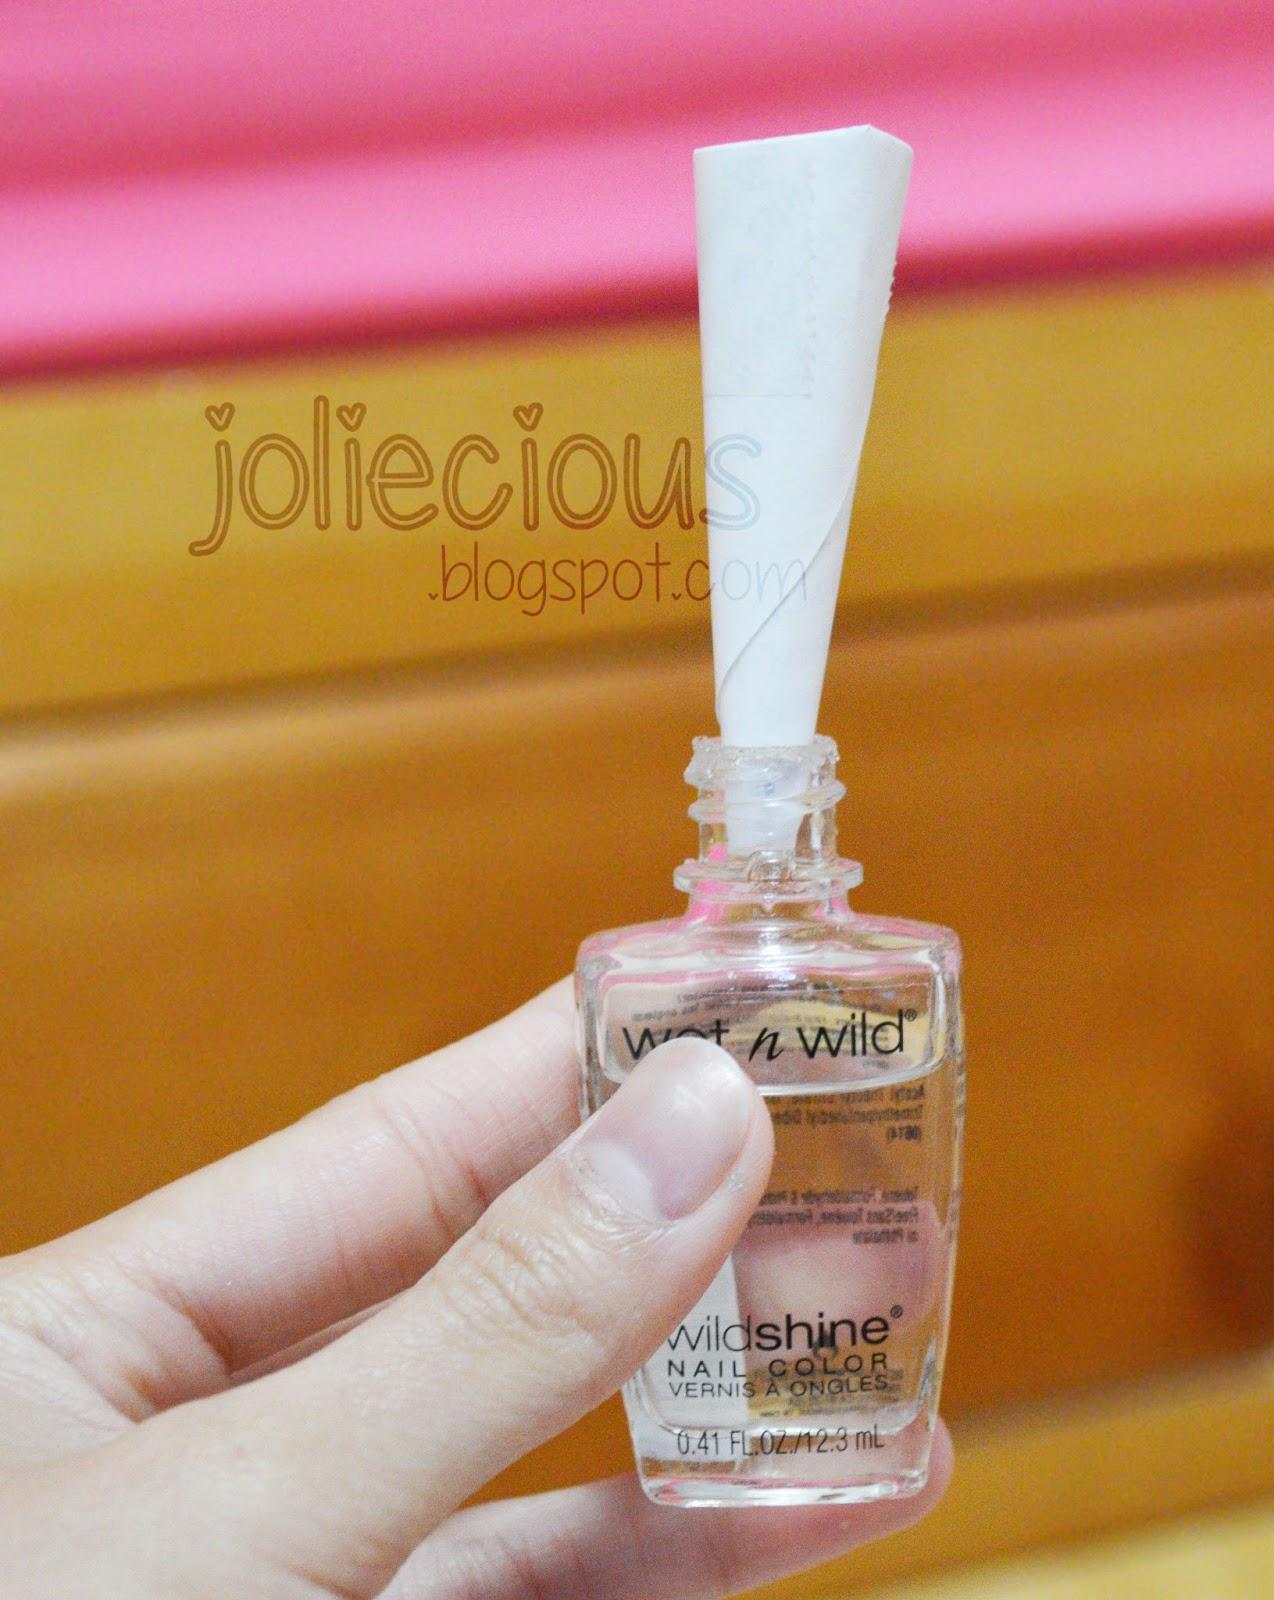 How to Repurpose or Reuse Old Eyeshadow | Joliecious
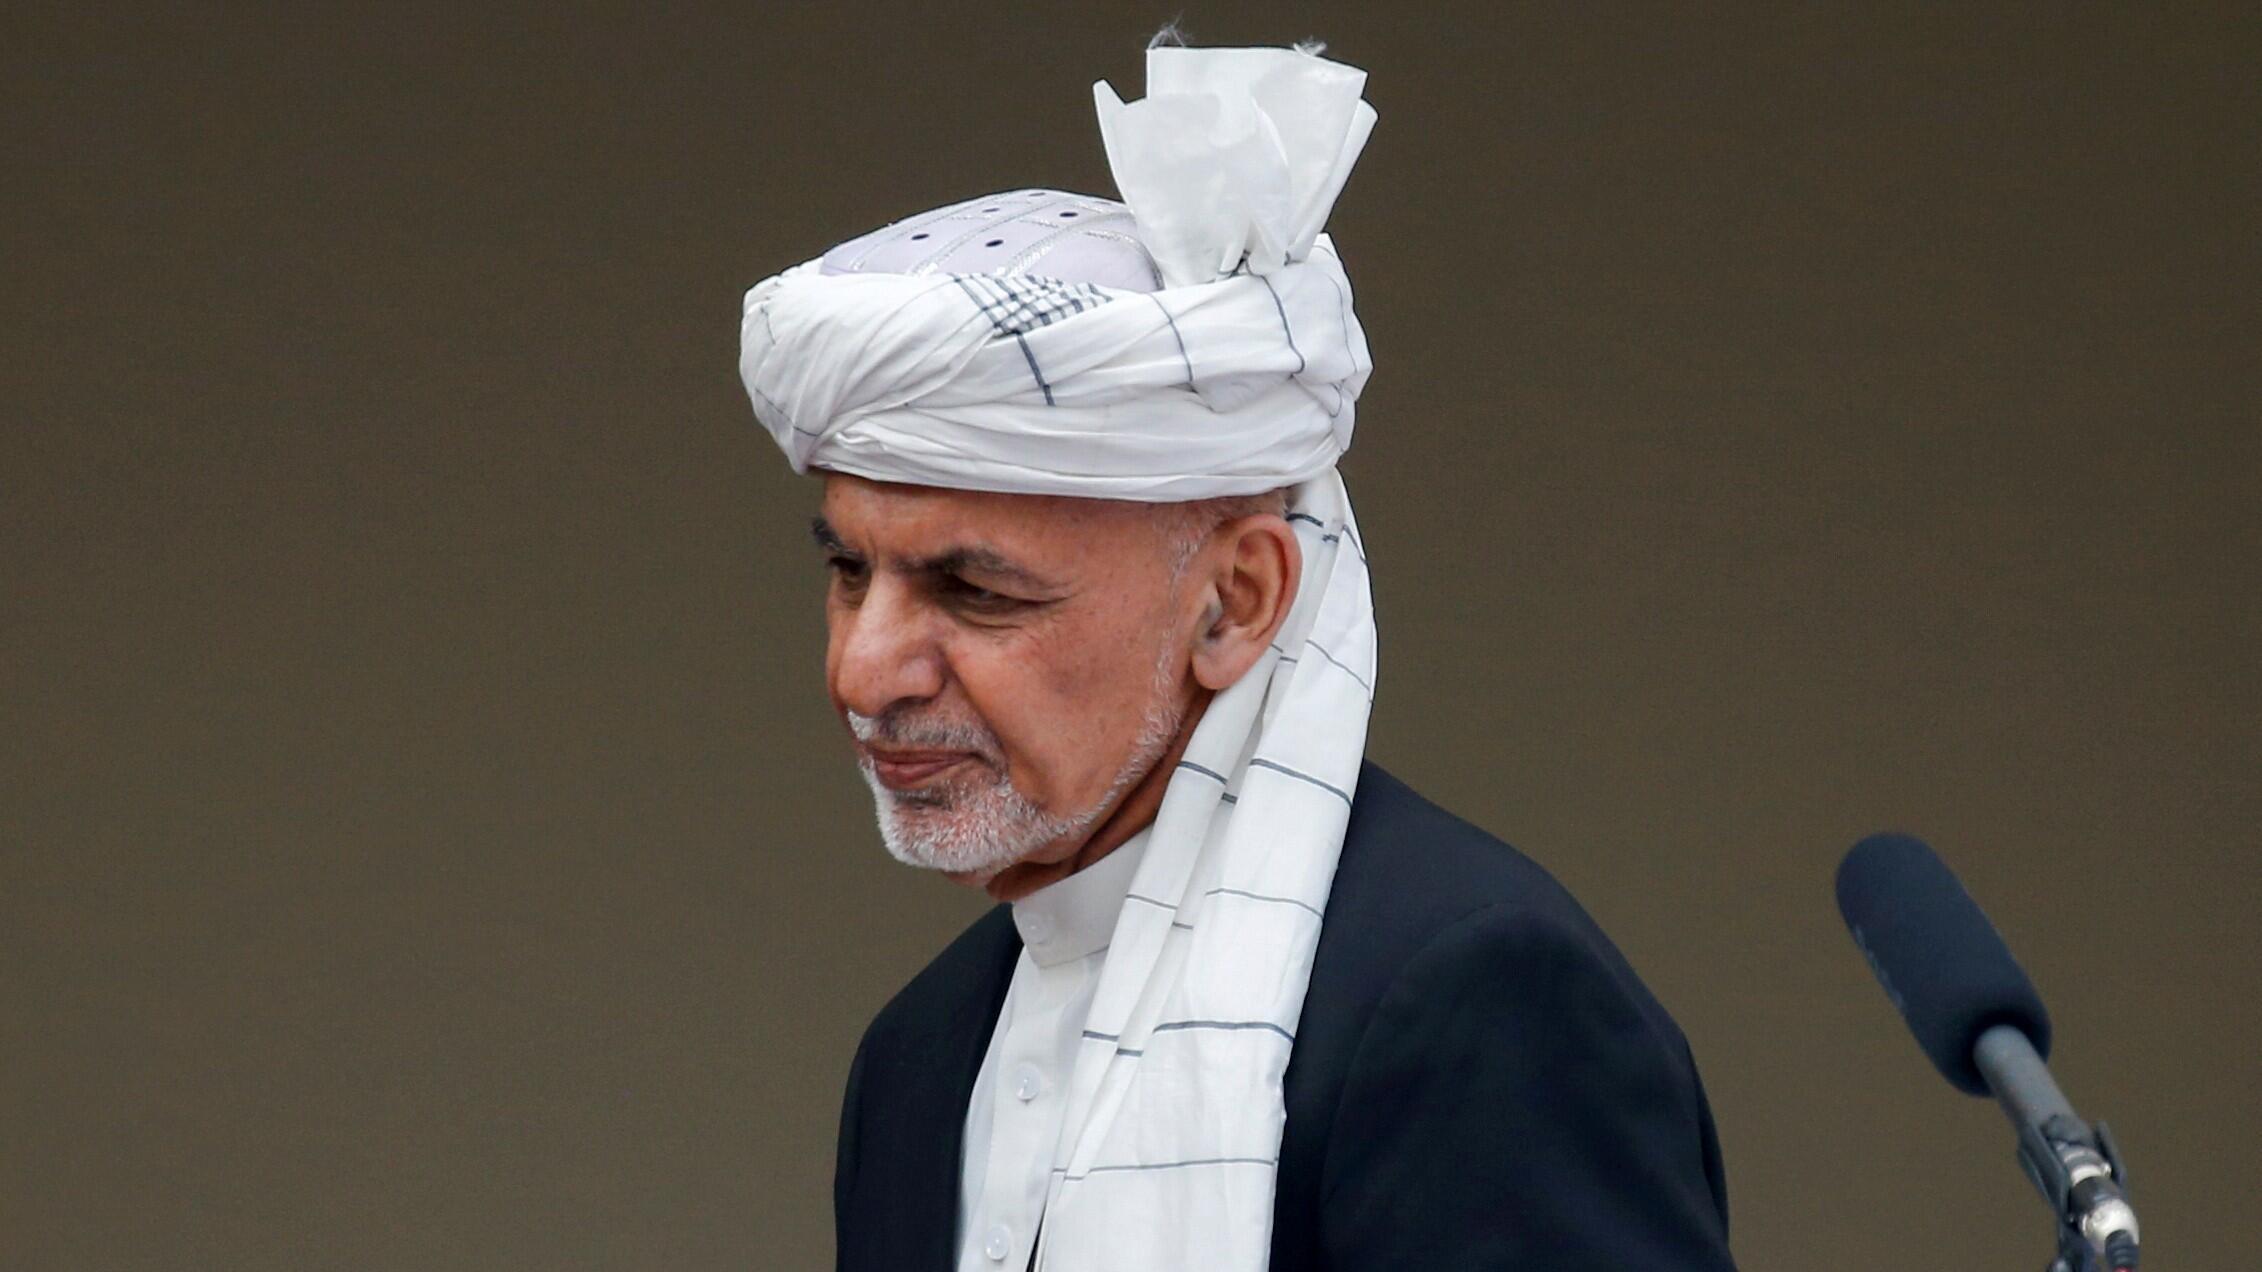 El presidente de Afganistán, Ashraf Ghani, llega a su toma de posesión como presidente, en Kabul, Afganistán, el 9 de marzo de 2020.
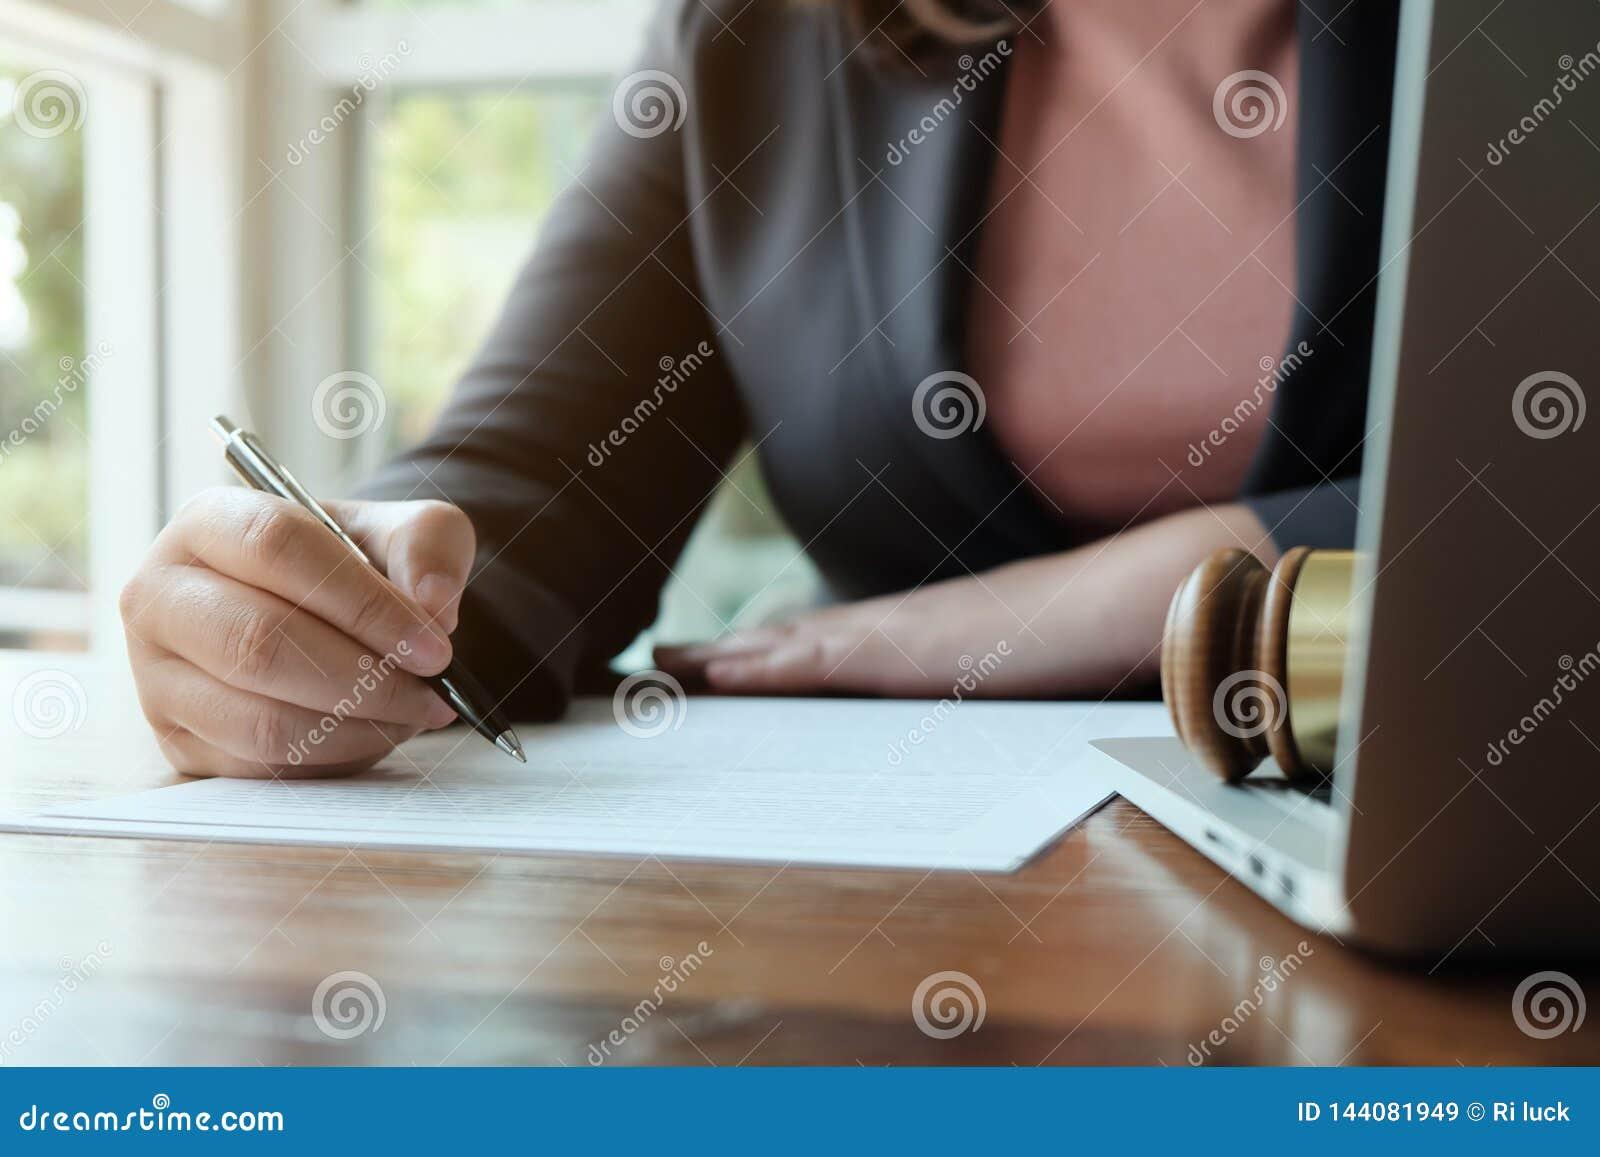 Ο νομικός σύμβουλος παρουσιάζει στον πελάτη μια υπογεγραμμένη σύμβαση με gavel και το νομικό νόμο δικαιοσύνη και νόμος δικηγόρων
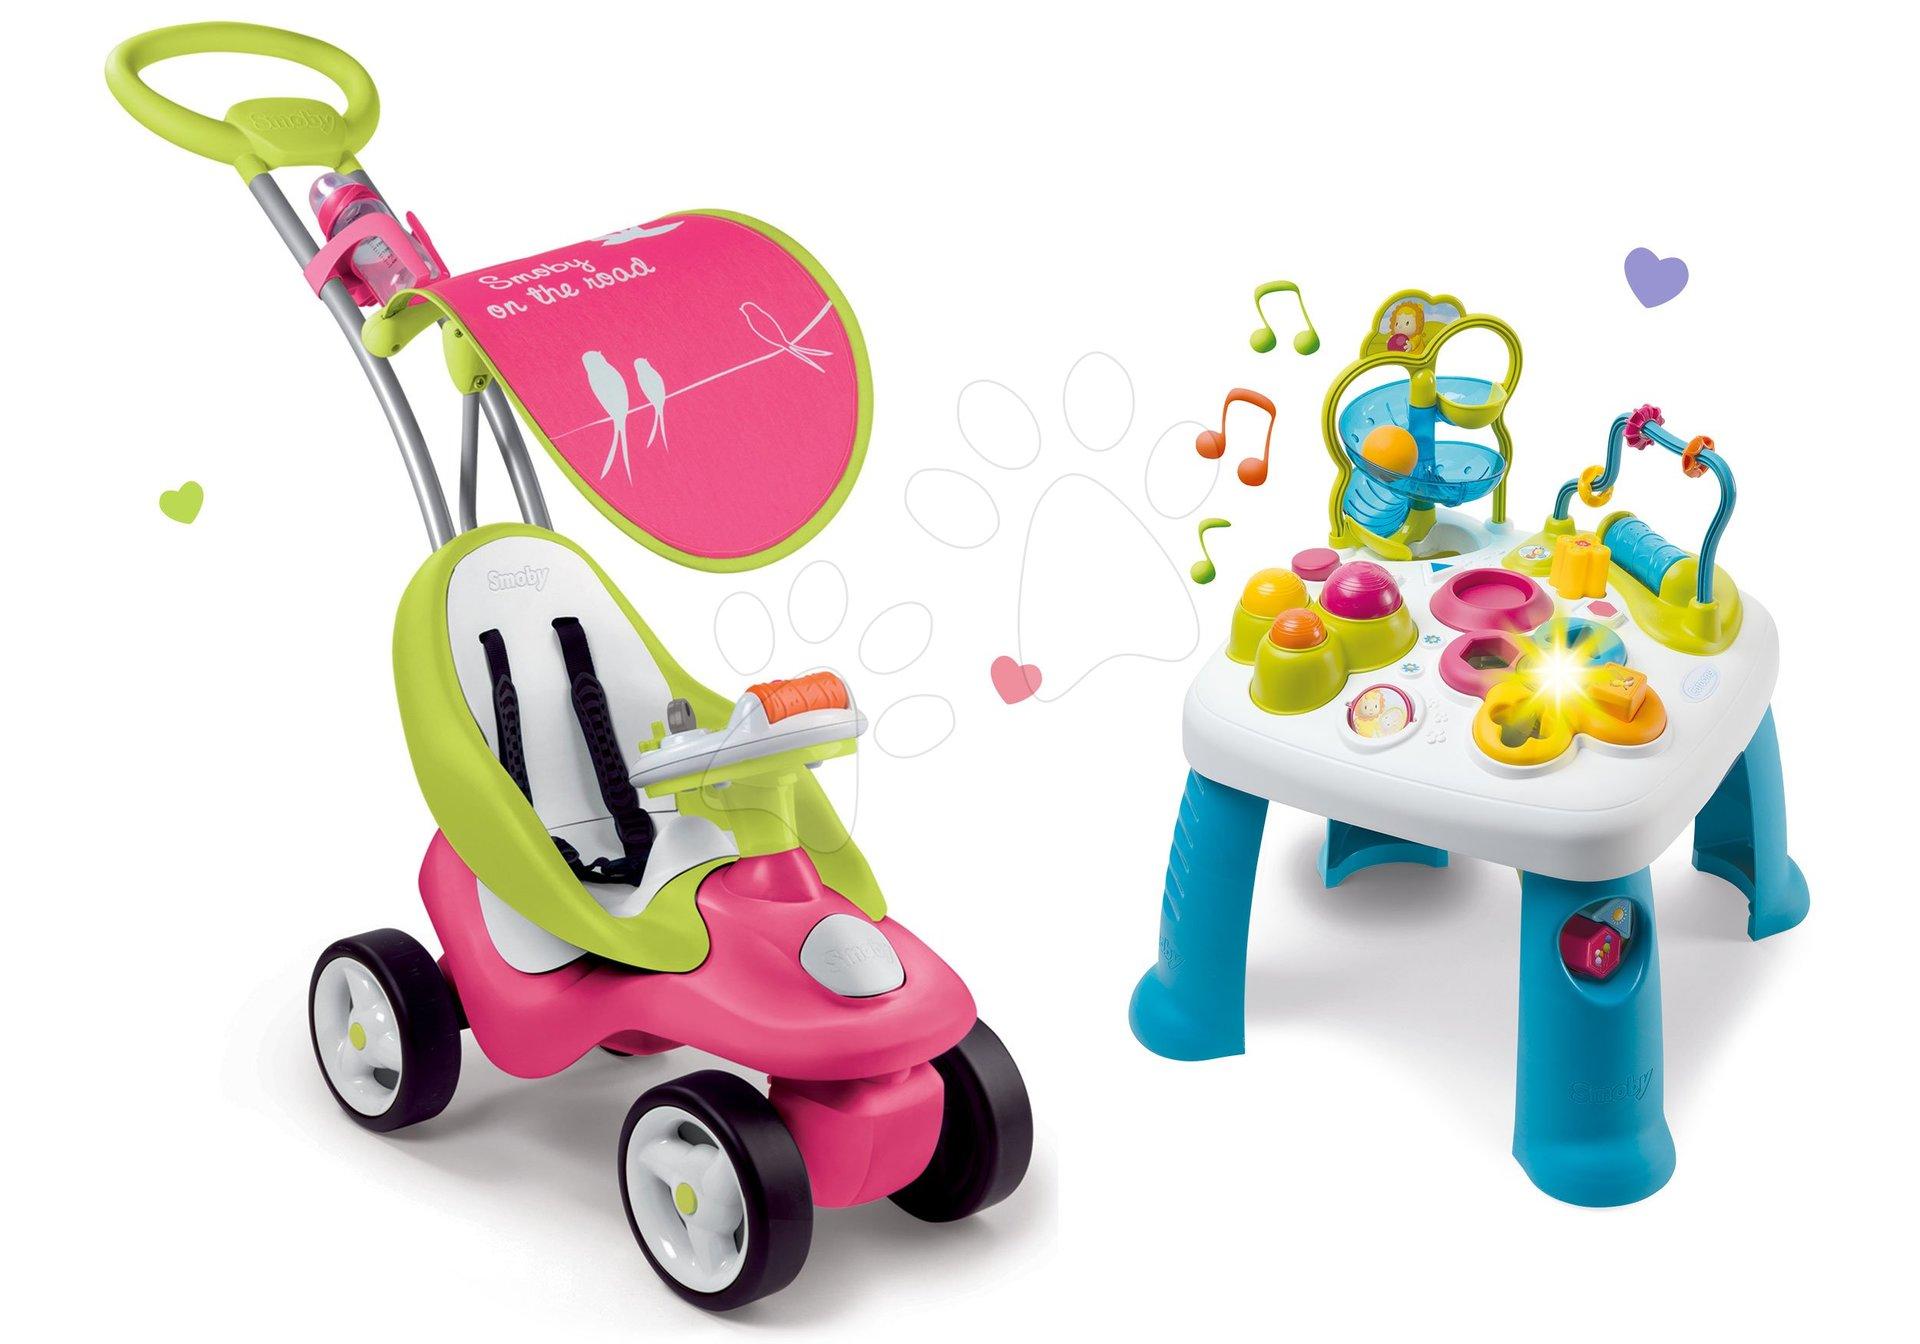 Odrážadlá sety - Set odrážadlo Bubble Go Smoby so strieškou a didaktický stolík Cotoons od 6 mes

PROBLEM TO WORK ON
Begin with the line holding "Ο νομικός σύμβουλος" and end with the last line of the listing. Reproduce each of those lines exactly, and leave every picture out.

FINISHED TASK
 Ο νομικός σύμβουλος παρουσιάζει στον πελάτη μια υπογεγραμμένη σύμβαση με gavel και το νομικό νόμο δικαιοσύνη και νόμος δικηγόρων
 Odrážadlá sety - Set odrážadlo Bubble Go Smoby so strieškou a didaktický stolík Cotoons od 6 mes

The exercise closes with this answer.